#### [Source material]
====================

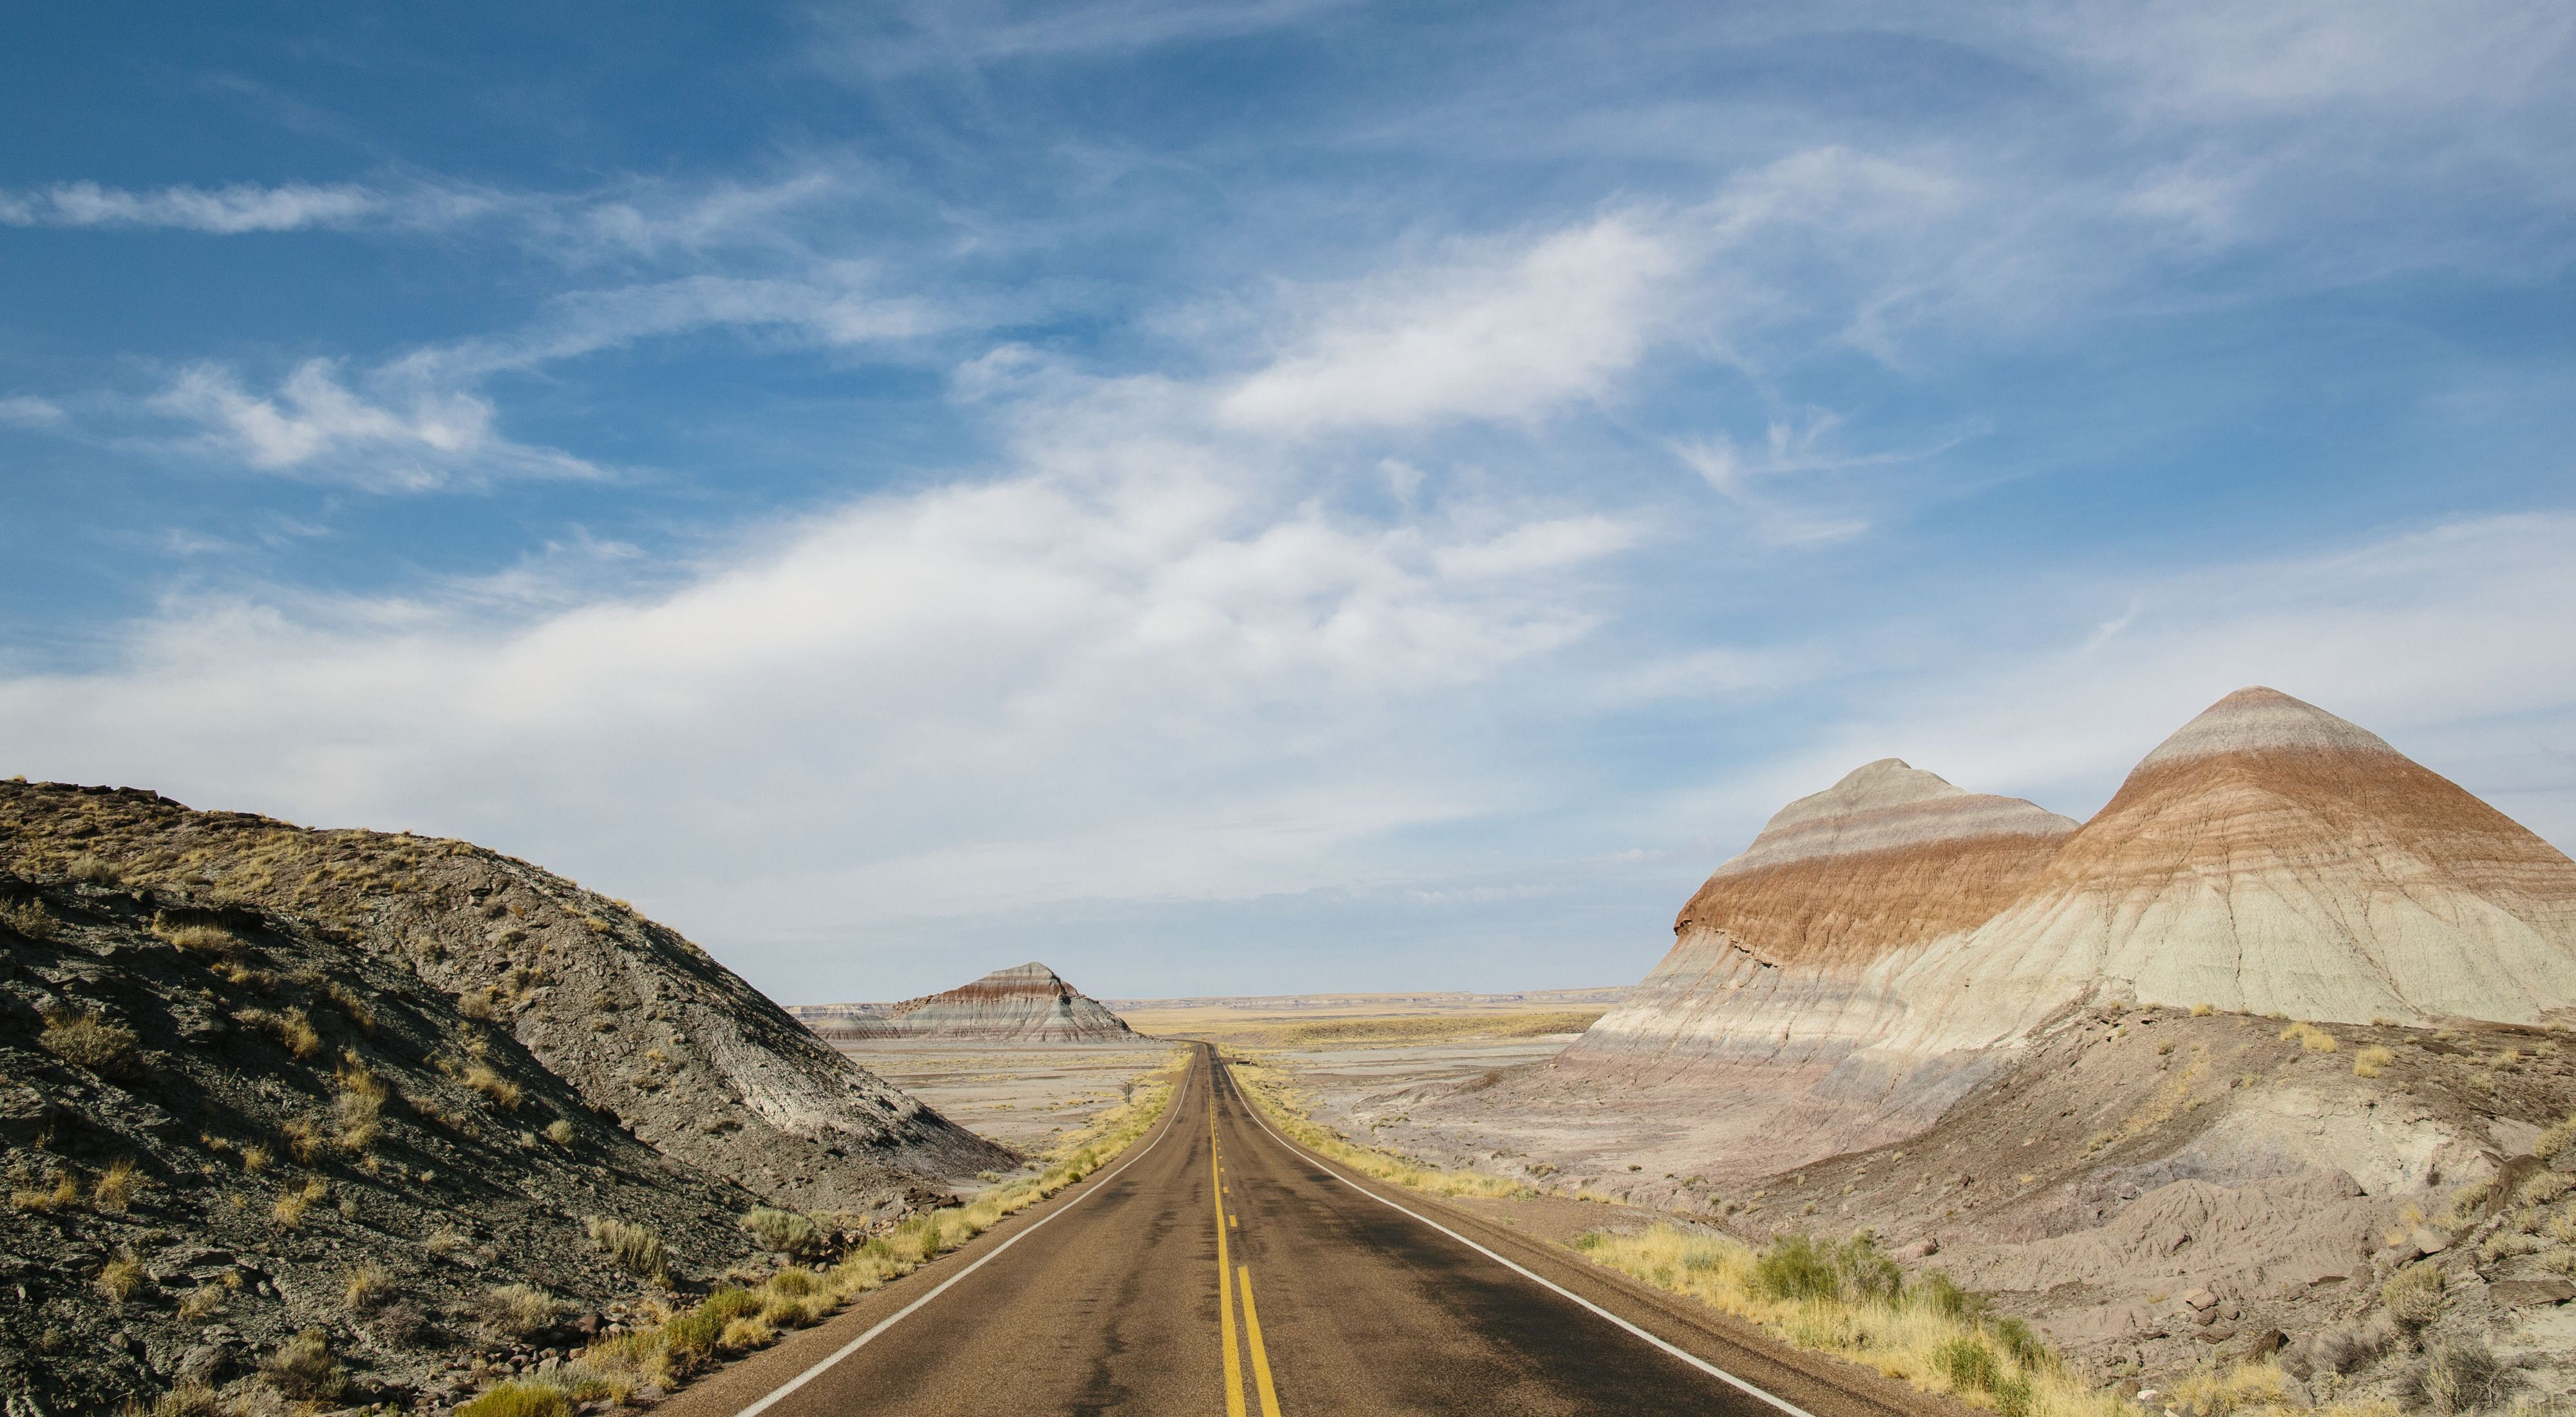 A view of the road through Petrified Forest National Park in Arizona.
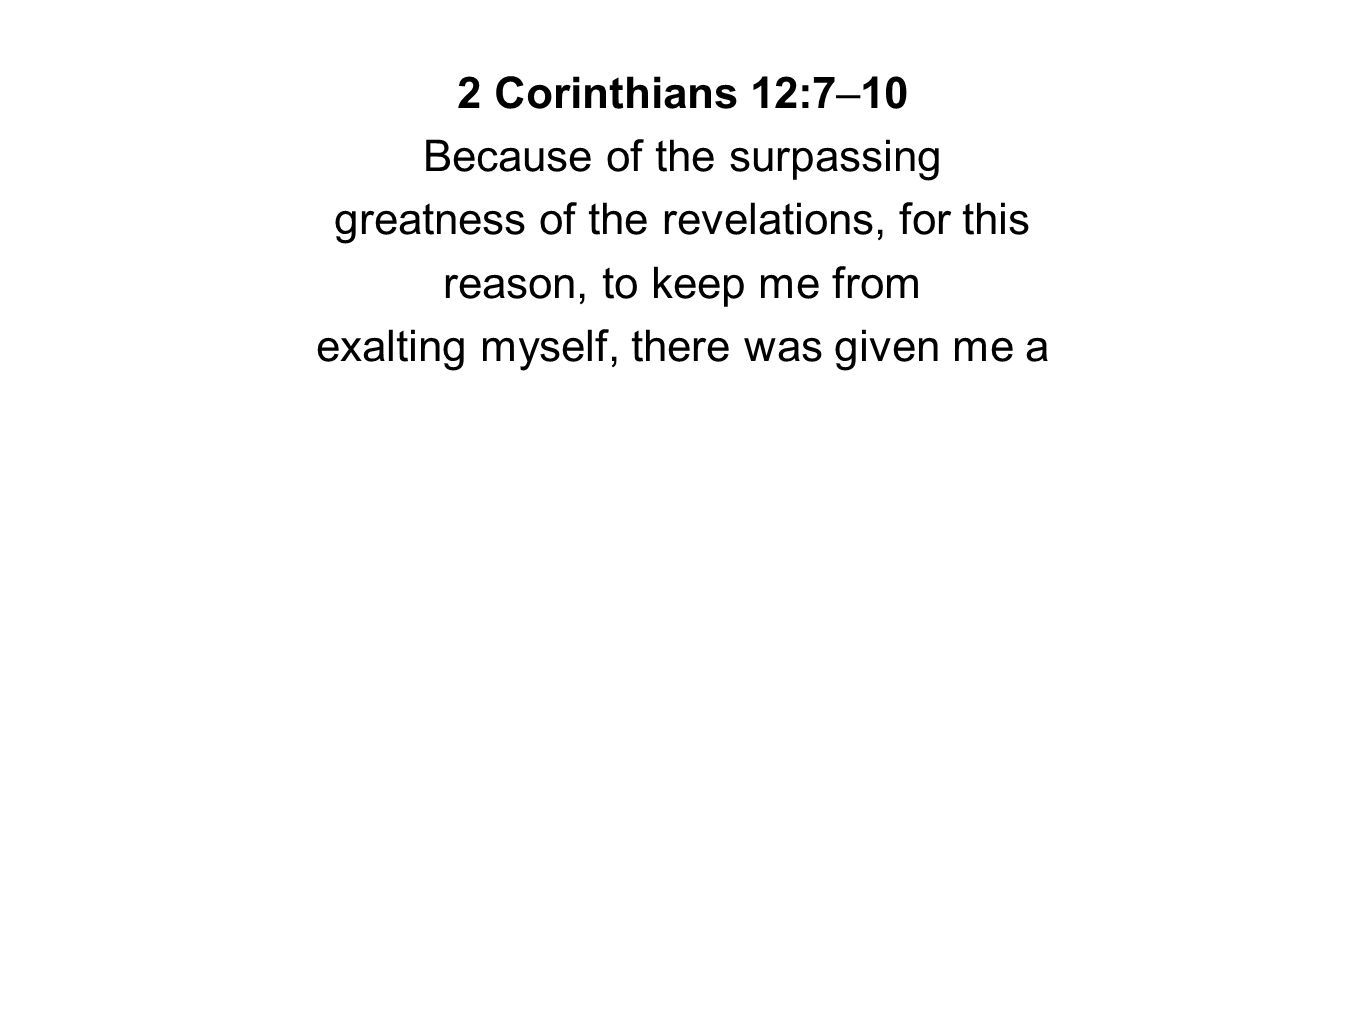 2 Corinthians 12:7–10 Because of the surpassing greatness of the revelations, for this reason, to keep me from exalting myself, there was given me a
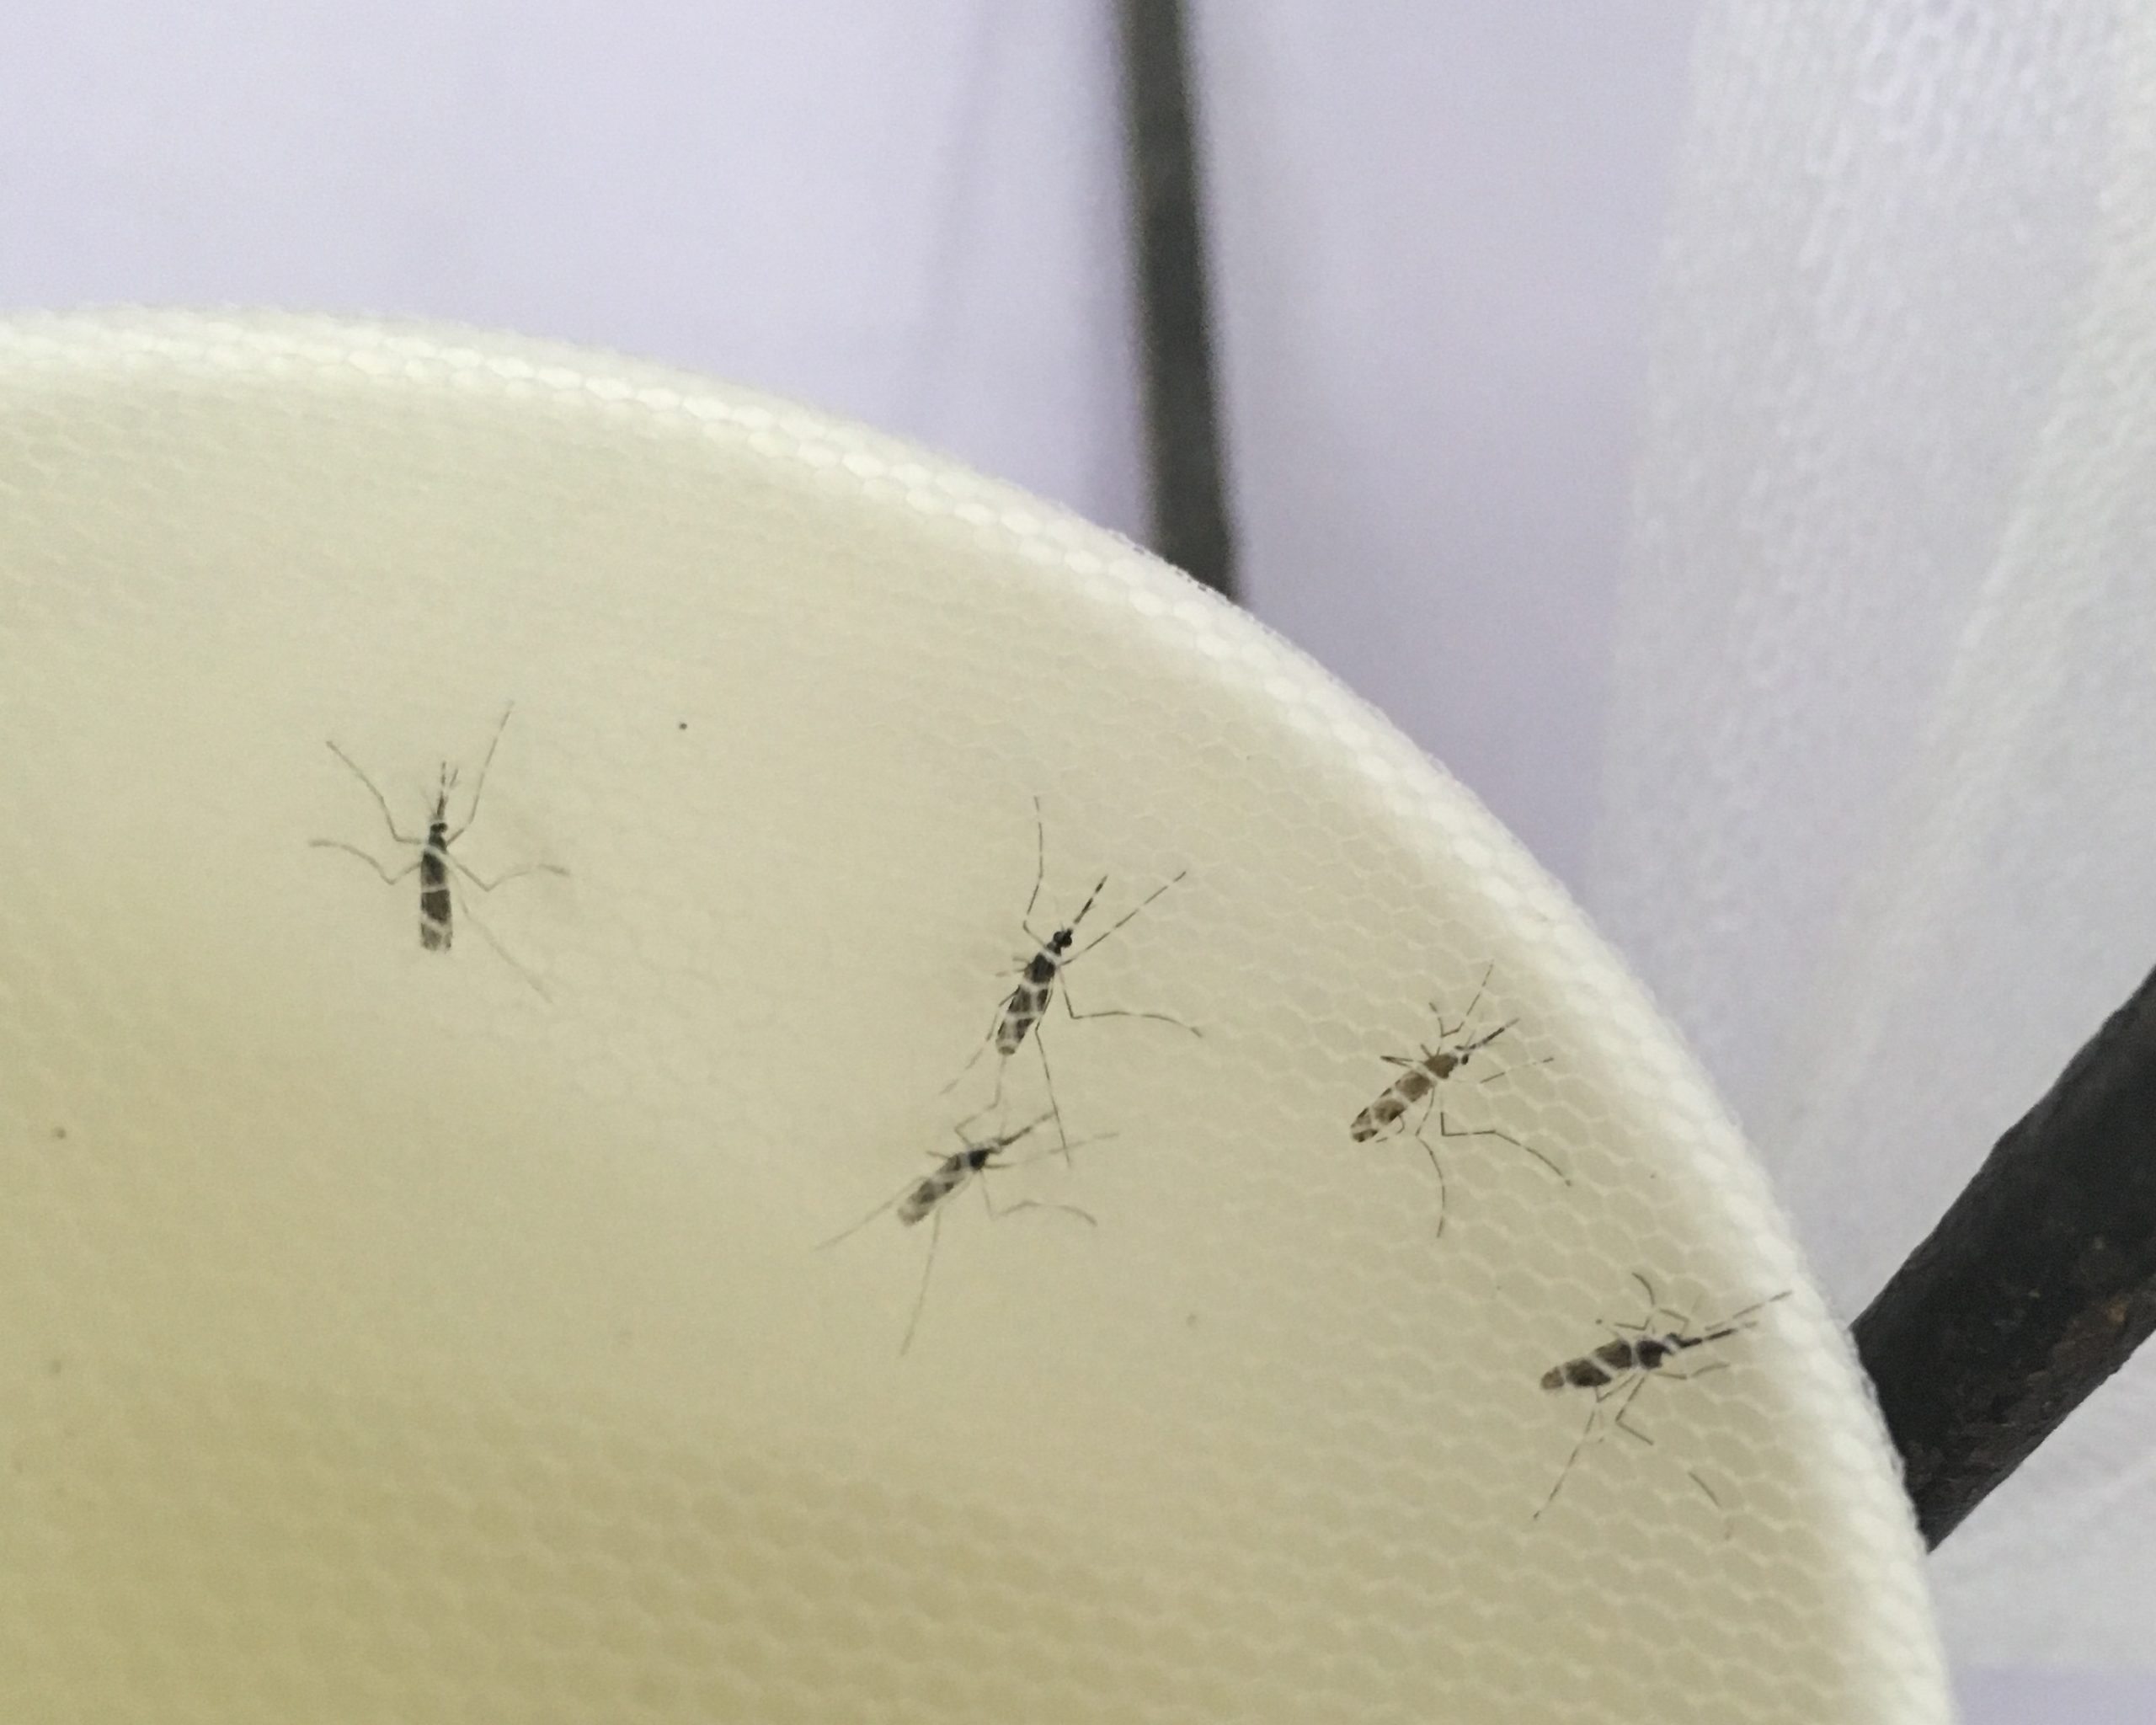 Five mosquitoes inside a paper cup covered in netting for testing

====================

#### [What you need to do]
Repeat, exactly and only, the lines from the one containing "2 Corinthians 12:7–10" through the final line of the data, both ends included, leaving out any picture.

#### [Exercise output]
 2 Corinthians 12:7–10 Because of the surpassing greatness of the revelations, for this reason, to keep me from exalting myself, there was given me a
 Five mosquitoes inside a paper cup covered in netting for testing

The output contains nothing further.